Xu Gu, Yuchong Sun, Feiyue Ni, Shizhe Chen, Xihua Wang, Ruihua Song, Boyuan Li, Xiang Cao
A storyboard is a roadmap for video creation which consists of shot-by-shot images to visualize key plots in a text synopsis. Creating video storyboards however remains challenging which not only requires association between high-level texts and images, but also demands for long-term reasoning to make transitions smooth across shots. We propose a new task called Text synopsis to Video Storyboard (TeViS), which aims to retrieve an ordered sequence of images to visualize the text synopsis.
Previous works on text-to-image retrieval can only produce static images without considering the dynamics of shots in the video.
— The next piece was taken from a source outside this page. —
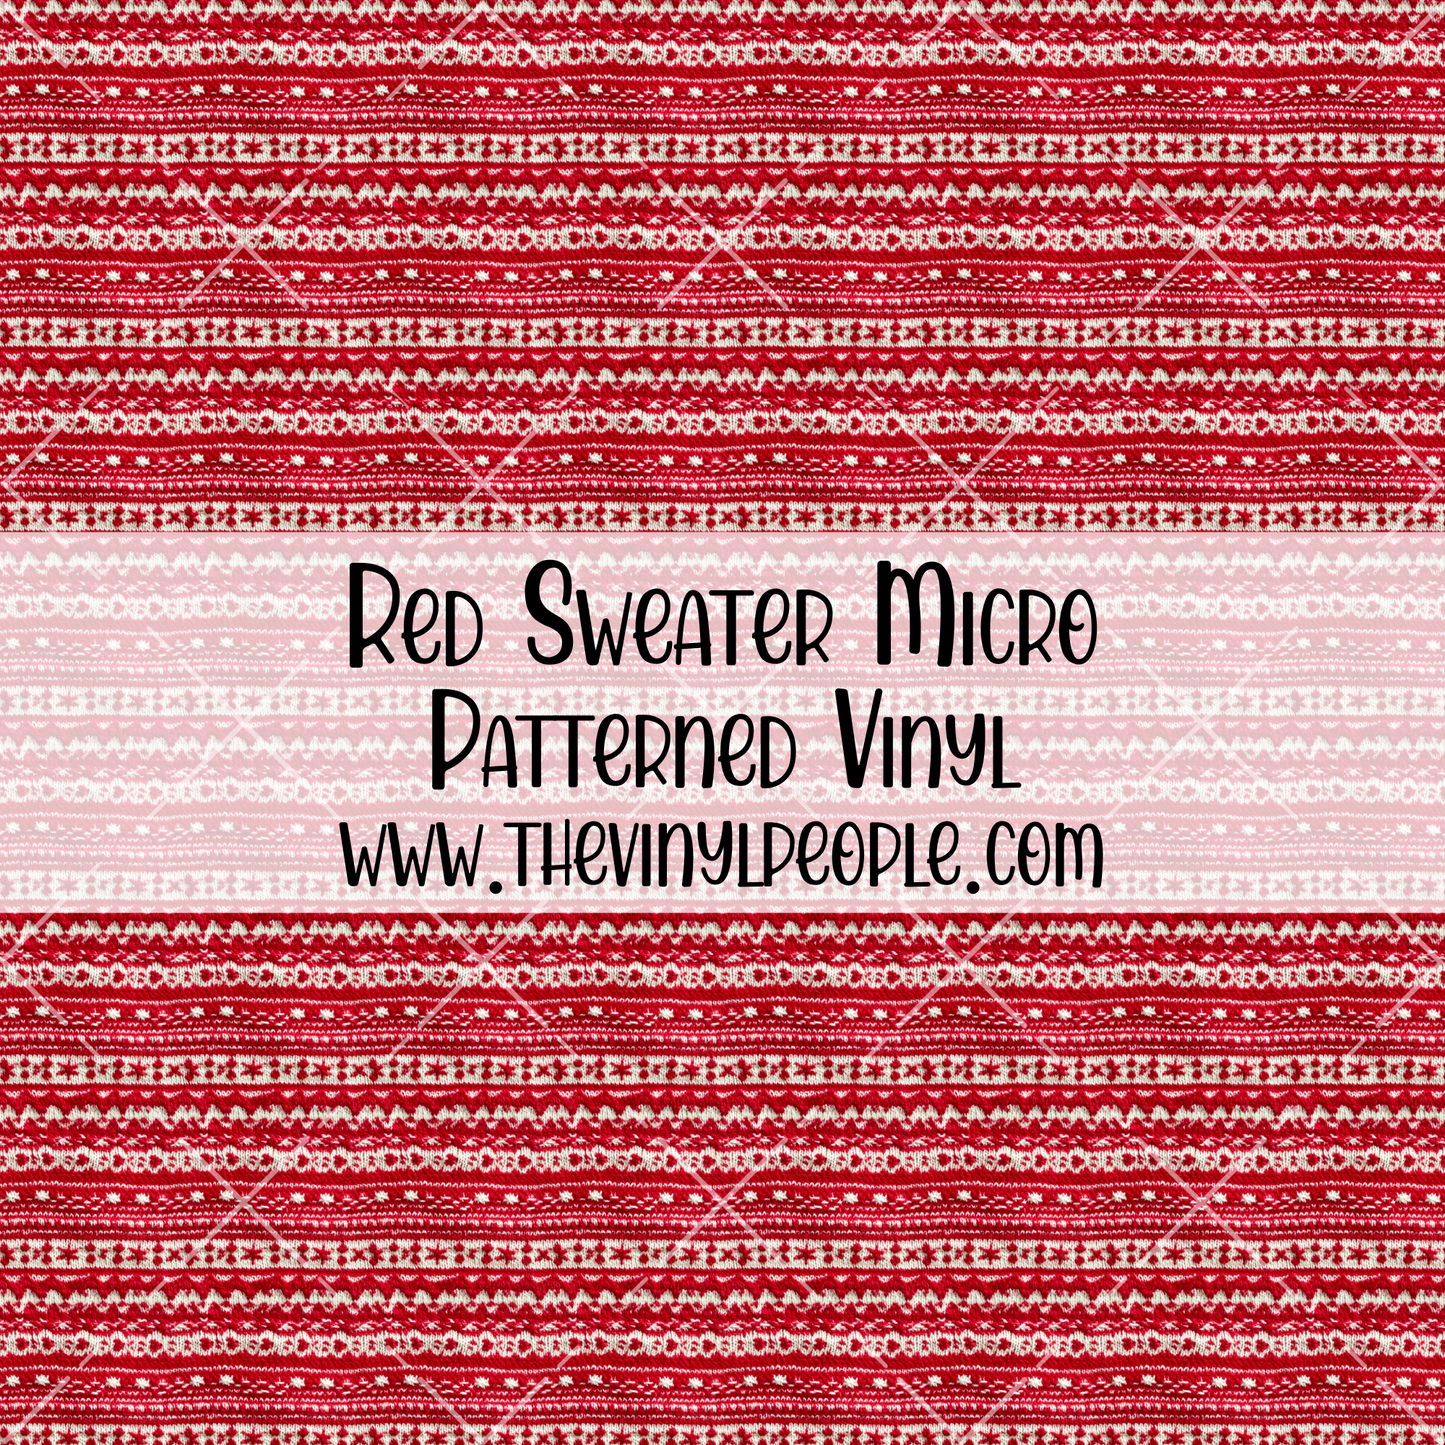 Red Sweater Patterned Vinyl

Text-to-video works are able to retrieve or generate videos. Yet, most of them focus on short-term video clips with only a few seconds as shown in Fig. 1 (a). The images in these videos are highly redundant and cannot satisfy the requirement of a video storyboard for coherent keyframes. Previous works on visual storytelling works are proposed to visualize text with a sequence of images, but they care more about the text-image relevancy while omitting long-term reasoning to make transition smooth across keyframes (see Fig. 1 (b)). Moreover, the query texts in existing works are visually concrete and descriptive, making the models less generalizable to more abstract and high-level text synopses such as the synopsis in Fig. 1 (c).
(https://arxiv.org/abs/2301.00135)